From: Mike Jenkins (email@example.com)
Date: Thu Mar 22 2001 - 18:02:09 PST
I would argue that, by symmetry, there would be ZERO coupling
between the single-ended line (5-6) and a differential signal
on lines 1 and 2. Common mode coupling would occur, of course.
Also, differential coupling would occur to the extent that
there were asymmetries.
ps: Nice character graphics!
Hassan Ali wrote:
> Below is a poor sketch of a differential pair routed around a via in one
> layer of a PCB, call it Layer2. The via routes a single-ended signal from
> Layer1 (above Layer2) to Layer3 (below Layer2). I need to compute the
> crosstalk between the diff-pair and the single-ended signal. To do that, I
> have to obtain the equivalent circuit that takes into account self
> parasitics of the via and the coupling between the via and the diff-pair.

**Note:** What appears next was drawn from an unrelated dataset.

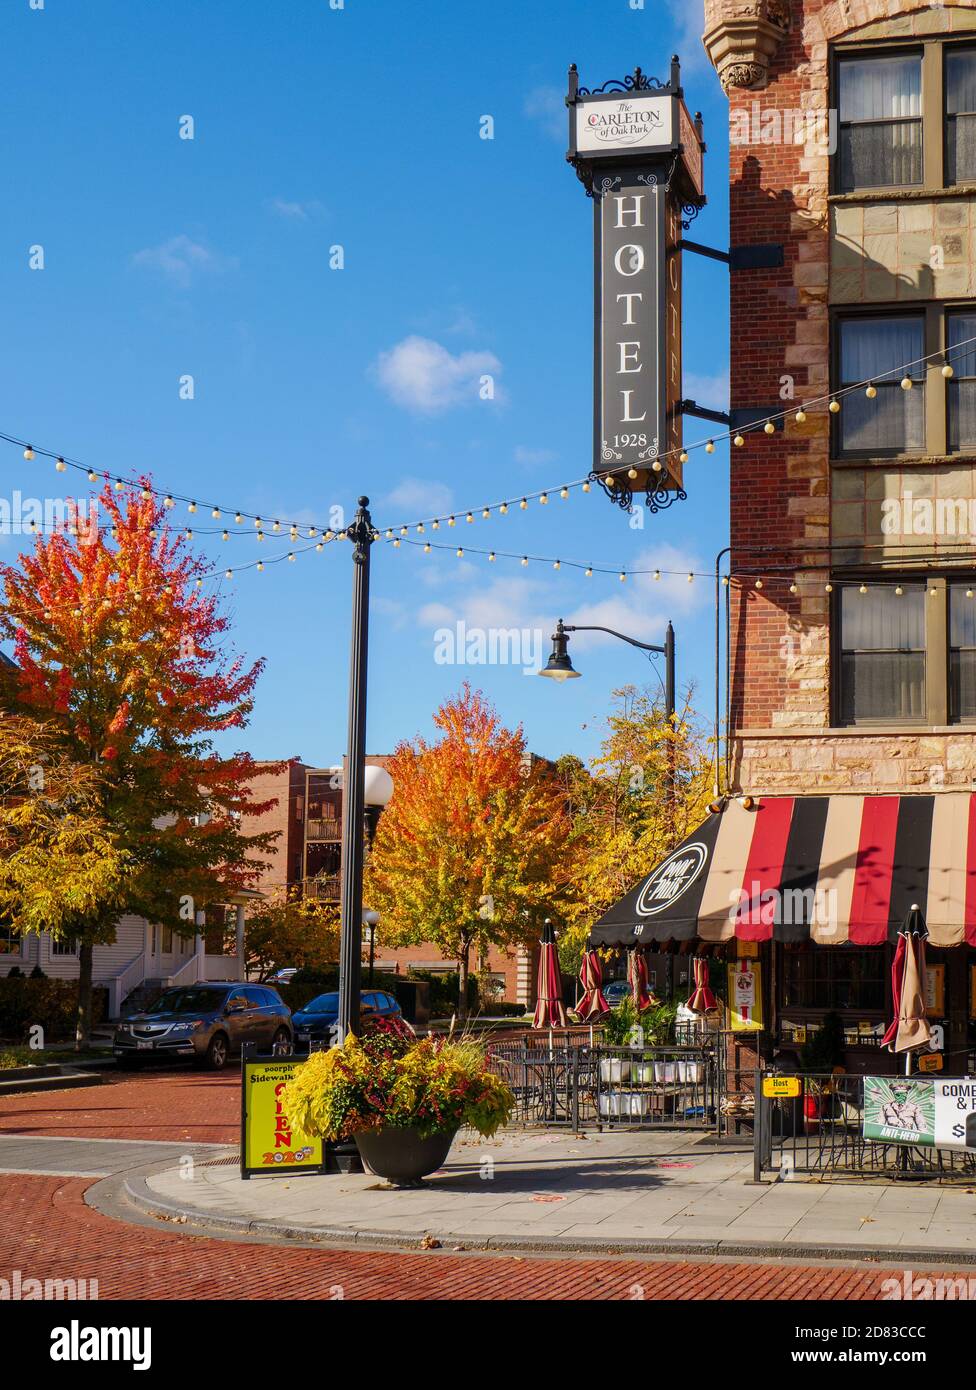 L'hôtel Carleton et le restaurant Poor Phil's en automne. Oak Park, Illinois  Photo Stock - Alamy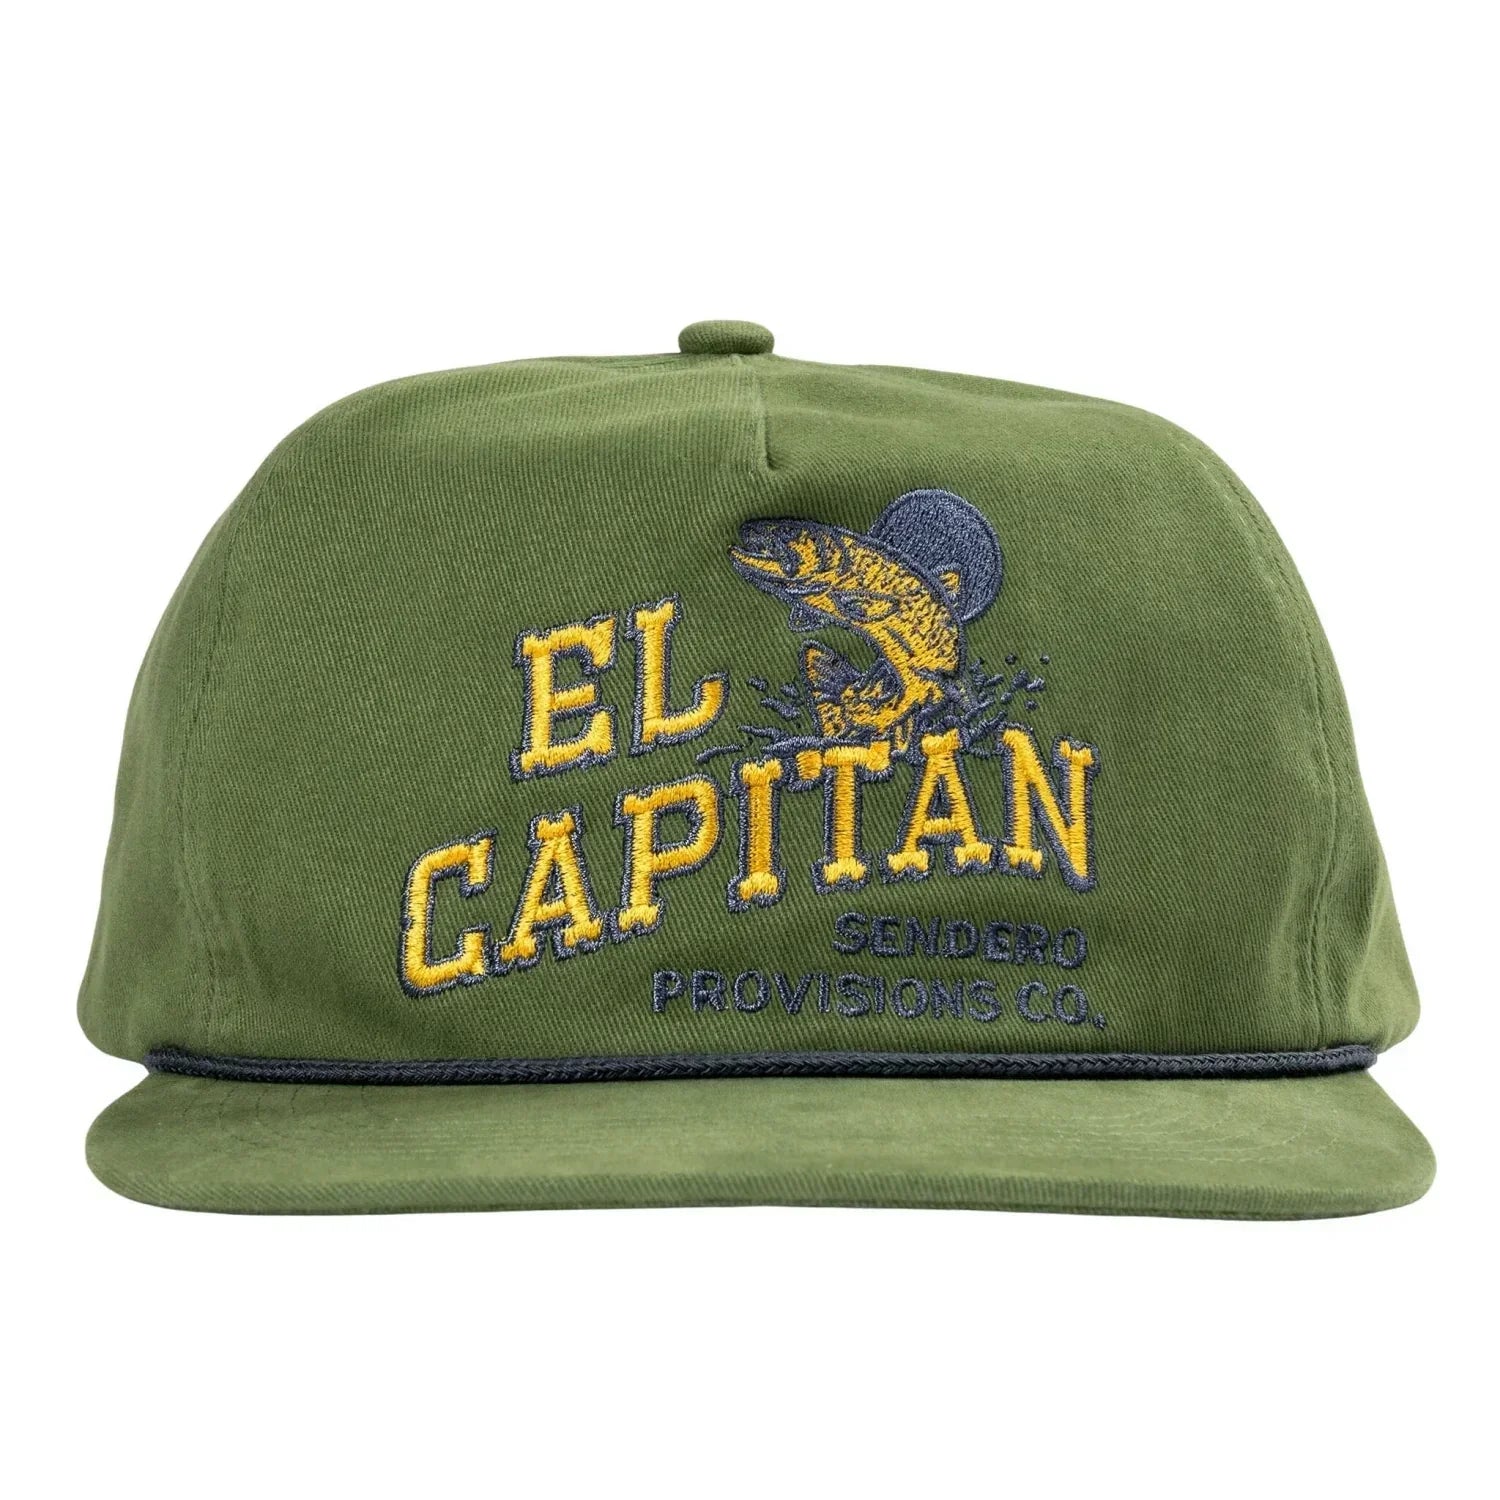 Sendero Provisions Co. 11. HATS - HATS BILLED - HATS BILLED El Capitan Hat

> Does anybody know how this equivalent circuit should be? I'd also appreciate
> it if someone can show me how to accurately compute all the parameters of
> the equivalent circuit.
> single-ended signal (from
> node 5 to node 6 thru the via)
> 3 4 5 ____________
> | | ||
> | | ---------- ||------------ gnd
> /via \ diff-pair ||via
> 5 ---|--0---|----- 6 normal to screen 1.||.2
> \ / ___________ ||____________ gnd
> | | ||
> | | diff pair ||
> 1 2 (line1 from node 1 to 3) ---------- 6
> (line2 from node 2 to 4)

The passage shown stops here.